The Attempt at a Solution

I know what magnetic flux is, so I'm looking for help with (b) and (c) please.

 

[Rick88]

For a coil of N turns, \Phi=NBA.
You know all the three variables, so that's an easy calculation for b).

For c), you need to use Faraday's Law of Induction \epsilon=(-)d\Phi/dt.
I put the minus in brackets because you really need the magnitude of the voltage, not its direction. But the minus should indeed be there. Again, it's just substitution :)


R.

 

[agilic]

For a coil of N turns, LaTeX Code: \\Phi =NBA.
You know all the three variables, so that's an easy calculation for b).
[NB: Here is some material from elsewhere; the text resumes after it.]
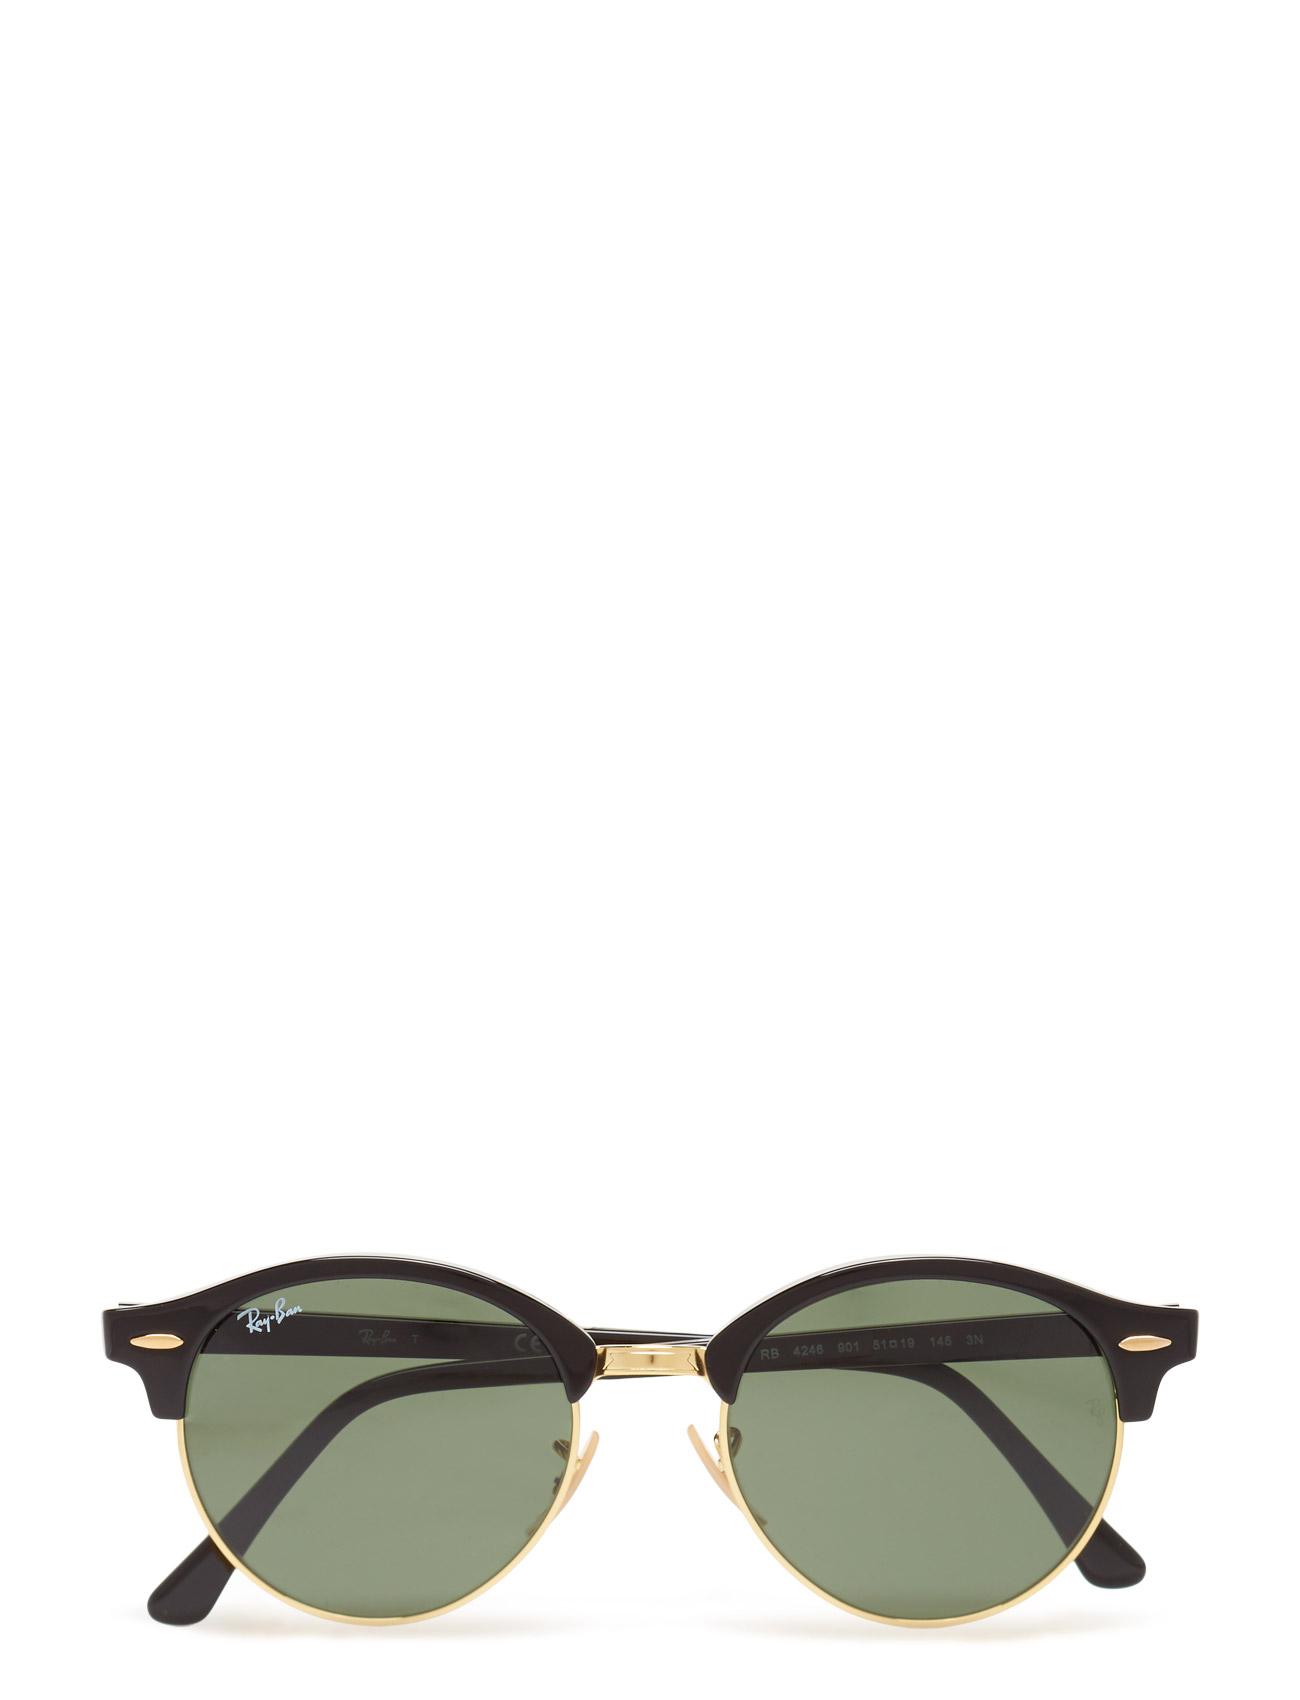 Clubround Ray-Ban Solbriller til Herrer i Sort

For c), you need to use Faraday's Law of Induction LaTeX Code: \\epsilon =(-)dLaTeX Code: \\Phi /dt.
I put the minus in brackets because you really need the magnitude of the voltage, not its direction. But the minus should indeed be there. Again, it's just substitution :)


R.

So for (b), it's just (100)(0.1^2)(1). That gives a magnetic flux of 1. Does it look like I did that right?

 

[Rick88]

So for (b), it's just (100)(0.1^2)(1). That gives a magnetic flux of 1. Does it look like I did that right?

I thought the area was 0.1 m^2. How come it's squared now?

 

[agilic]

I thought the area was 0.1 m^2. How come it's squared now?

That's weird that the question is phrased like that. What is the difference between 0.1^2 m and 0.1 m^2? And how do I set up the equation in this case?

 

[Rick88]

well, an area has the units of m^2, as you know.
So saying that the area is 0.1^2 m makes no sense.

Therefore from what you've written above, you have A=0.1 [m^2], and all you need to do is plug it into the equation in the same way as before.

So you would have 100*0.1*1 . R.

 

[agilic]

well, an area has the units of m^2, as you know.
So saying that the area is 0.1^2 m makes no sense.

Therefore from what you've written above, you have A=0.1 [m^2], and all you need to do is plug it into the equation in the same way as before.

So you would have 100*0.1*1 .


R.

Right. Sorry, I had a brain cramp. For part (C), does this look right?

(10 T*m^2 - 0) / (0.2s) = 50 V

 

[Rick88]

It indeed does.

R.